CAMEROUN: « NOUS POUVONS ET DEVONS CHANGER LES CHOSES » DIXIT CABRAL LIBII SUITE AUX INONDATIONS

Cabral Libii, candidat du parti « Univers » à l’élection présidentielle 2018 et leader du mouvement « 11 millions d’inscrits sur les listes électorales » au Cameroun était auprès des victimes des inondations du quartier Makèpè Missokè dans la ville de Douala.

En effet, Cabral Libii le leader du parti « Univers » était auprès des victimes des inondations du quartier Makèpè Missokè dans la ville de Douala cette mi-journée. Il s’y est rendu afin de toucher du doigt la triste réalité que vivent les populations de ce quartier de la capitale économique du Cameroun.
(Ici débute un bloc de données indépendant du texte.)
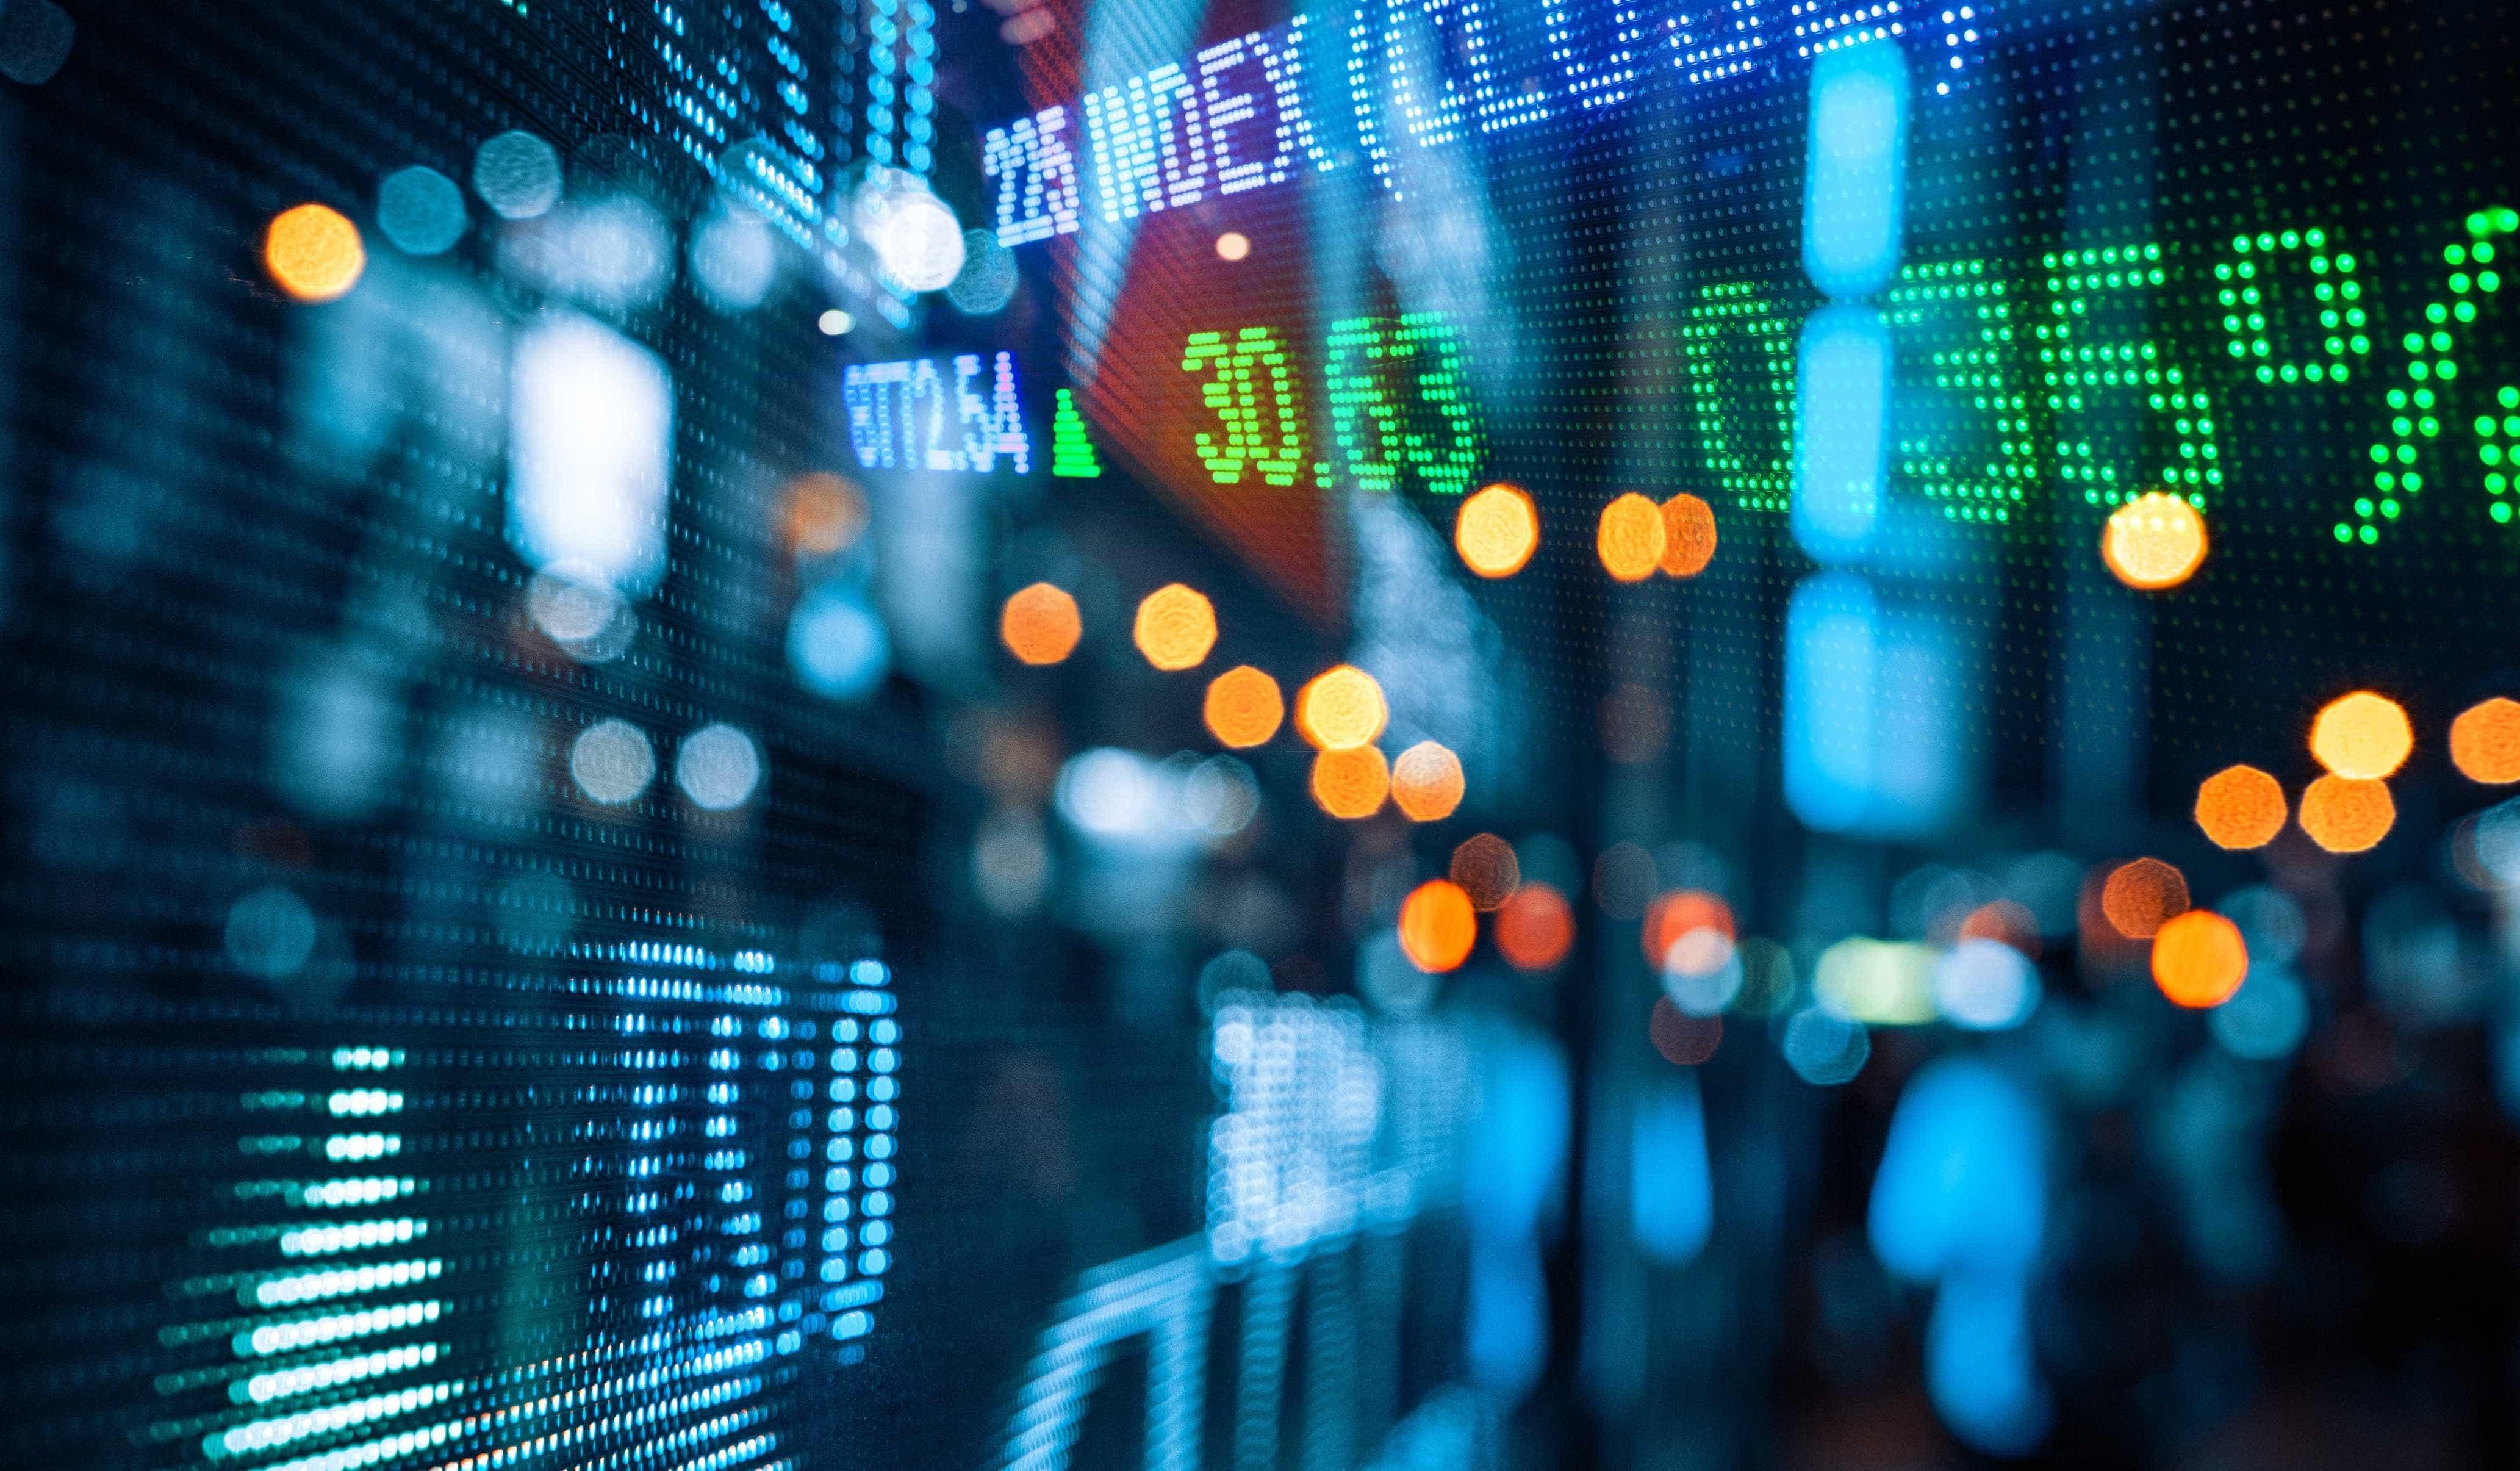 Nubank confirma investimento de US$ 90 milhões de gigante chinesa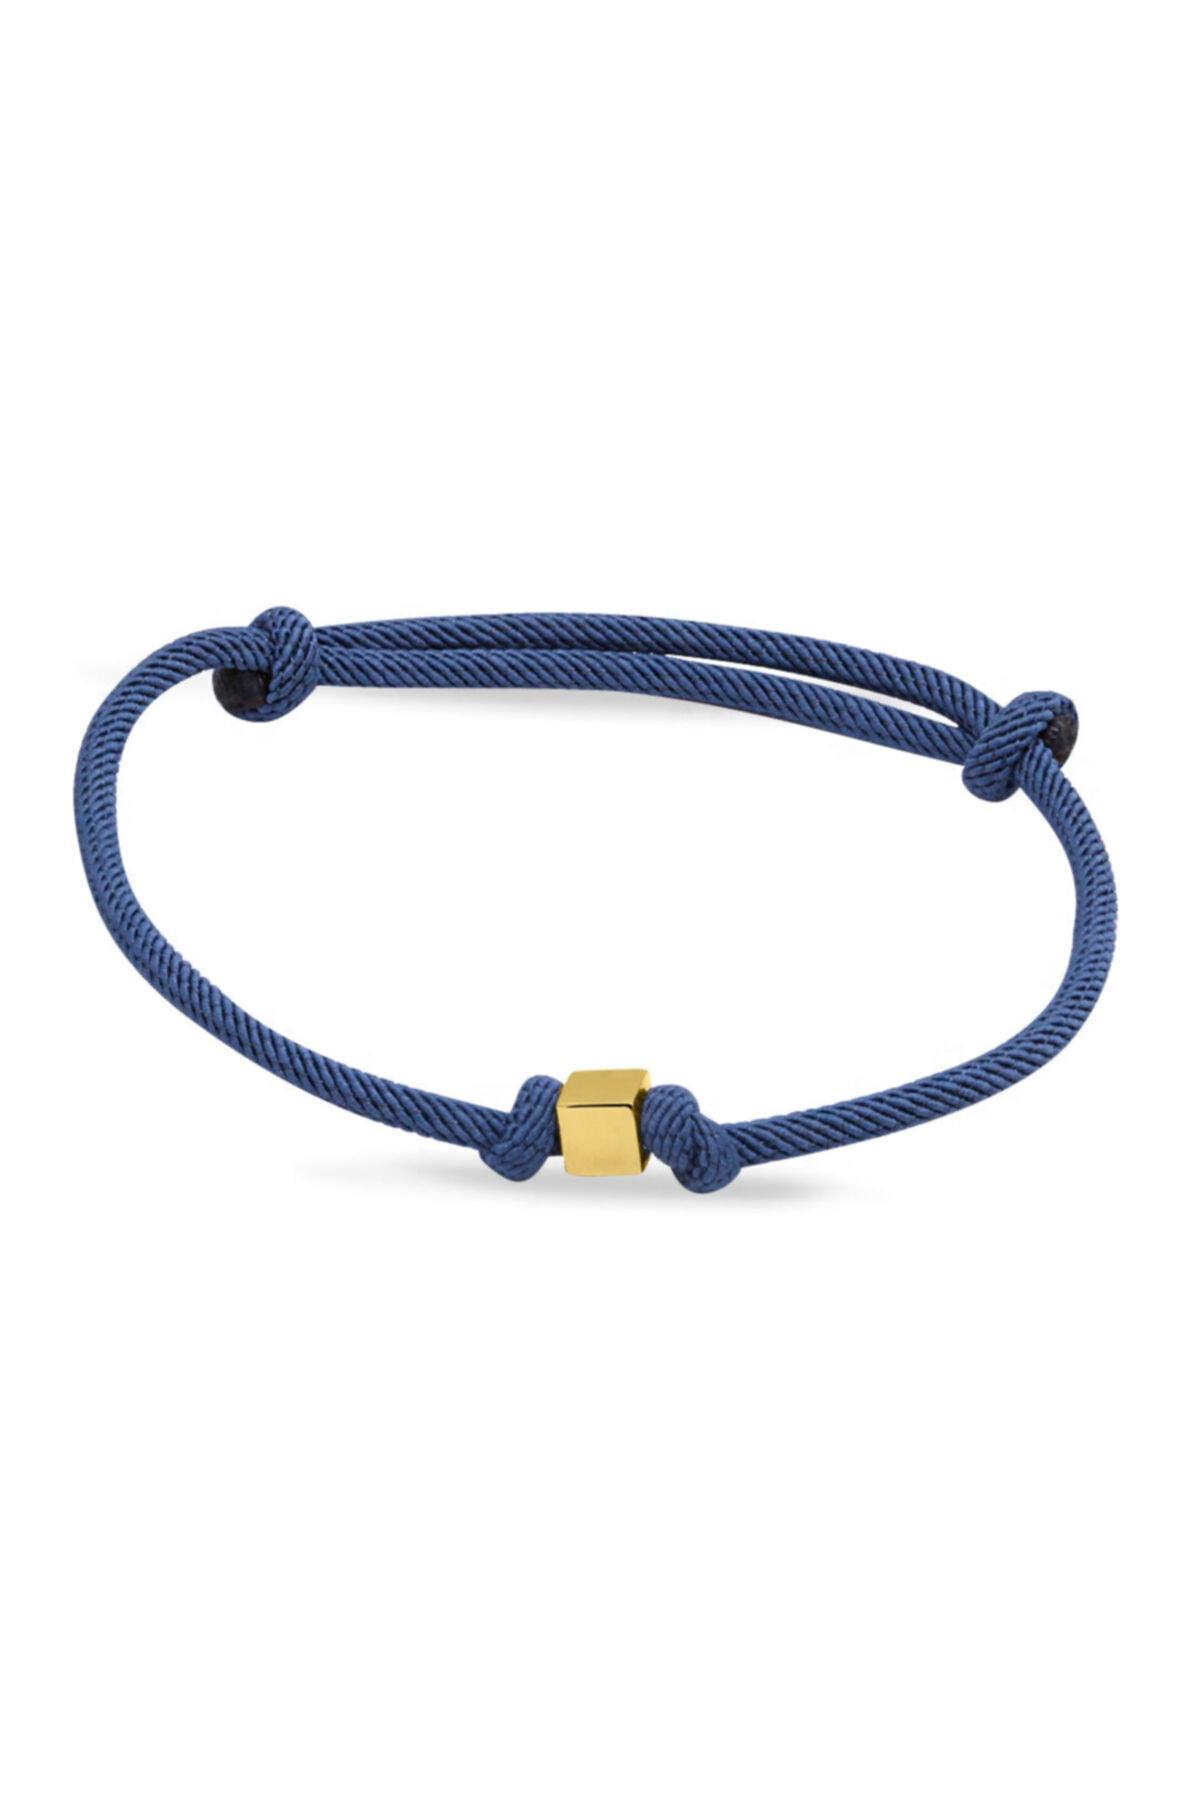 فروش انلاین دستبند طلا زنانه مجلسی برند ALTINKÖŞE رنگ آبی کد ty94207039

Sur le terrain, tout en donnant son soutien et espoir aux populations, il a fait savoir:« c’est insoutenable ce qui est vu et entendu, nous pouvons et devons changer les choses. Il y’a urgence…». Disons le, depuis le dépôt de sa candidature à ELECAM, on a pu lire sur les réseaux sociaux quelques écrits qui affirmaient le rejet de ladite candidature. En reponse à ces écrits, le leader du mouvement « 11 millions d’inscrits sur les listes électorales » a fait savoir:

« Ceux qui me faisaient passer pour un pion du régime, en sont à supplier le même régime, de nous mettre hors course. Nous étant rendus compte que certains de nos camarades en étaient troublés, il nous parait utile d’apporter quelques précisions dont voici la quintessence:

Notre dossier de candidature a été constitué sous le regard du peuple, d’hommes politiques exercés, d’enseignants et praticiens du droit, est conforme à la loi comme le montre la copie du bordereau des pièces constitutives que nous publions en annexe.

Si d’aventure, le Conseil Electoral d’Elecam rejette notre dossier, la décision de rejet qui doit obligatoirement être motivée, fera l’objet d’un recours devant le Conseil constitutionnel afin de faire triompher le droit. En aucun cas, nous ne courberons l’échine devant l’arbitraire.

Sur l’illégalité du Congrès nous ayant investi qui entrainerait l’illégalité de notre candidature, il convient de rappeler à l’opinion que le Congrès du Parti Univers qui a été interdit, n’a jamais eu lieu. D’ailleurs, l’acte administratif d’interdiction a donné lieu à un contentieux qui demeure pendant devant les tribunaux. Le communiqué de février 2018 annonçant le décision du Parti Univers de nous accorder l’investiture était issue d’une réunion interne du bureau. La lettre de présentation et d’investiture exigée par la loi, n’est soumise à aucun formalisme préalable. Sa légalité tient exclusivement à la légalité du parti, à l’habilitation du parti à investir un candidat à l’élection présidentielle par l’existence des élus, à la compétence du signataire, et non pas à un Congrès quelconque.

 Sur mon appartenance à un autre parti politique, il n’existe au Cameroun, aucune disposition légale qui exige l’appartenance d’un candidat au parti politique qui l’investit, ou qui interdit l’appartenance d’un candidat investi à un autre parti politique que celui qui l’a investi.

Du reste, c’est le lieu de mettre définitivement un terme à certaines allégations. Comme l’attestent les courriers qui datent de 2009 notamment, les documents d’archives que nous jugeons opportun de mettre à disposition du grand public maintenant, adressés par nous au MINAT et au MINESUP, et que nous joignons en annexe, depuis 2007. Nous ne ne sommes ni de près, ni de loin, mêlé au fonctionnement ou aux diatribes de la formation politique invoquée. Les accusations de marchandage politique dont nous faisons l’objet de la part de personnes que nous sommes heureux d’avoir côtoyé par le passé, devraient donc cesser.

En définitive, nous regrettons l’acharnement dont certains acteurs politiques d’opposition font l’objet depuis le dépôt de leurs candidatures. De toute évidence la haine et l’animosité entretenues par certains militants ou sympathisants d’une formation politique de la même opposition, solidairement à certains autres du parti au pouvoir, vont croissantes. La pollution de l’opinion par des allégations mensongères dans le seul but de provoquer l’élimination des concurrents nous renseignent de l’éloignement que certains ont vis-à-vis de la maturation politique de notre société. Invoquer l’arbitraire par égoïsme nous parait incompatible avec une réelle volonté d’alternance. Vouloir ériger Elecam en juge du contentieux de la nationalité au mépris de la loi de 1968, juste pour éliminer un candidat, voilà une des illustrations de la décadence. Nous restons serein et toujours proche de ce peuple qui nous soutient. Ensemble nous gagnerons. ».